The words prophesied to King Ahab are coming true. Because he had a somewhat shallow change of heart in his later years, the Lord gave him a reprieve. God didn't wrest the kingdom from Ahab during his lifetime but instead said He would take it from Ahab's chosen successor."Because Ahaziah had no son, Joram succeeded him as king in the second year of Jehoram son of Jehoshaphat king of Judah. As for all the other events of Ahaziah's reign, and what he did, are they not written in the book of the annals of the kings of Israel?" (2 Kings 1:17b-18) In Chapter 3 we find that Joram was also a son of Ahab, though not the son Ahab wanted to rule in his place. He will be a slightly better king than Ahaziah, removing the sacred stone of Baal from the nation, but will still be an idolater. 

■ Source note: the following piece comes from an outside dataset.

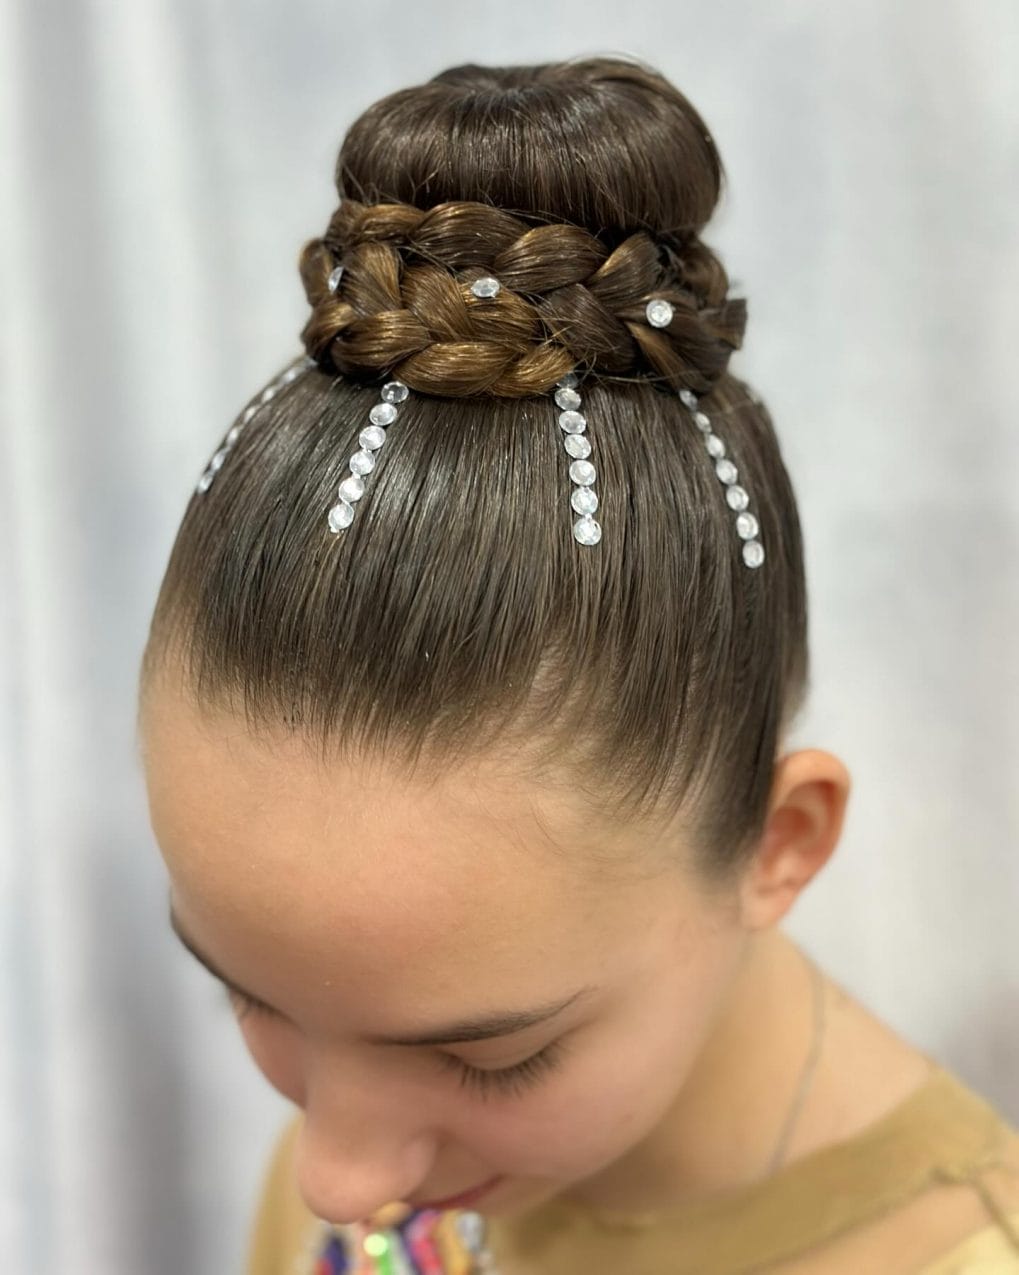 Regal braided crown high bun with silver gem accents

In today's passage Ahaziah reaps what he has sown. His late father set terrible things in motion when he married a pagan woman and allowed her to set up a state religion of Baal worship, funding it with the tax money of the citizens, putting God's prophets to death because they spoke the truth. Personally, I hold Ahab more accountable than Ahaziah, because Ahaziah was raised in a sinful household and bombarded by pagan images his whole life. Yet at the same time, Ahaziah knew Elijah was a prophet of God and had called fire down from heaven in Ahab's sight during the showdown on Mount Carmel. On Mount Carmel that day, the God of Israel proved He is the only God capable of answering because He is the only God. It's not as if Ahaziah didn't know the truth. He knew the truth and rejected it and so suffers the consequences of his hard and evil heart.

There is a law of reaping what we sow and it goes both ways. "Do not be deceived: God cannot be mocked. A man reaps what he sows." (Galatians 6:7) If we sow to the flesh we reap corruption. But if we sow to the Spirit we reap eternal life, plus the blessings and comfort of God in this life on earth. (Galatians 6:8) Ahaziah lay on his sickbed in a spirit of rebellion, refusing to acknowledge God as the Lord, and so he dies young and without a son to take his place. Elijah, however, is protected in today's passage because he obeys the Lord, saying what the Lord tells him to say and going where the Lord tells him to go. Elijah's life isn't easy, just as our lives in this world aren't necessarily easy, but he has the power and comfort of the Lord with him at all times, just as we who are in Christ have the power and the comfort of the Lord with us at all times.